The consulting industry has always lived in cycles. In 1997, ERP and MBAs fuelled growth. By 2025, it is AI, specialist talent, and outcomes. Many of the top firms from 1997 no longer exist in their old form.

The lesson is clear: consulting doesn’t vanish, but it reinvents — and we are once again nearing the end of one cycle.
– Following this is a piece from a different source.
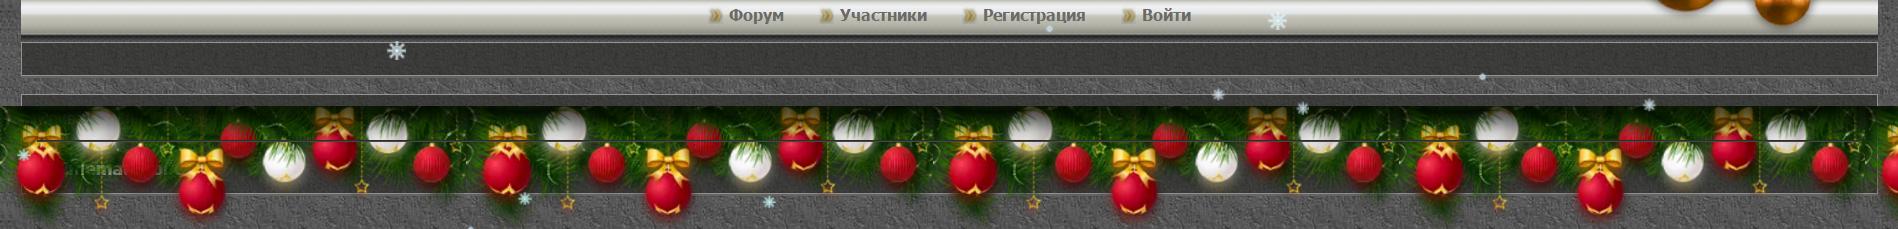 http://s0.uploads.ru/8xUC5.png

The below table is from The Economist’s March 20th 1996 edition:

1997 snapshot

The Economist’s special report on consulting had themes that sound familiar in 2025:

→ Revenues growing 20–30% a year
→ Andersen Consulting and McKinsey racing into Asia
→ ERP systems from SAP and Oracle driving a wave of implementation work
→ One third of MBAs moving into consulting — even art schools and medical faculties were tapped
→ Consulting’s “mystique” selling as much as its logic
→ Early backlash: Andersen fined for UK IT project failures, BCG sued for overbilling

The consulting boom of the late 1990s looked unstoppable. Yet within five years, one of its giants — Arthur Andersen — was gone.

2025 reality

Today the market is again at an inflection point.

→ Growth slowing: McKinsey grew just 2% in 2024, while BCG hit 10%
→ AI is today’s SAP: Palantir, Databricks and OpenAI reshaping delivery models
→ Talent shifted: MBAs are no longer the default. Firms prize AI engineers, product leaders, and operators
→ Transparency demanded: outcome-based fees, adoption metrics, and week-one tests replacing slideware
→ Backlash systemic: regulatory probes, parliamentary inquiries, and criminal proceedings

The drivers are new, but the pattern is the same: technology disruption, talent wars, client scepticism.

The big differences

→ Implementation: in 1997 it meant ERP and IT. In 2025 it means AI adoption, digital build, and ESG delivery.
→ Talent: in 1997 the prize was MBAs. In 2025, it’s coders, data scientists, and ex-operators.
→ Client expectations: in 1997 mystique still sold. In 2025, clients benchmark outcomes, test quickly, and walk if delivery fails.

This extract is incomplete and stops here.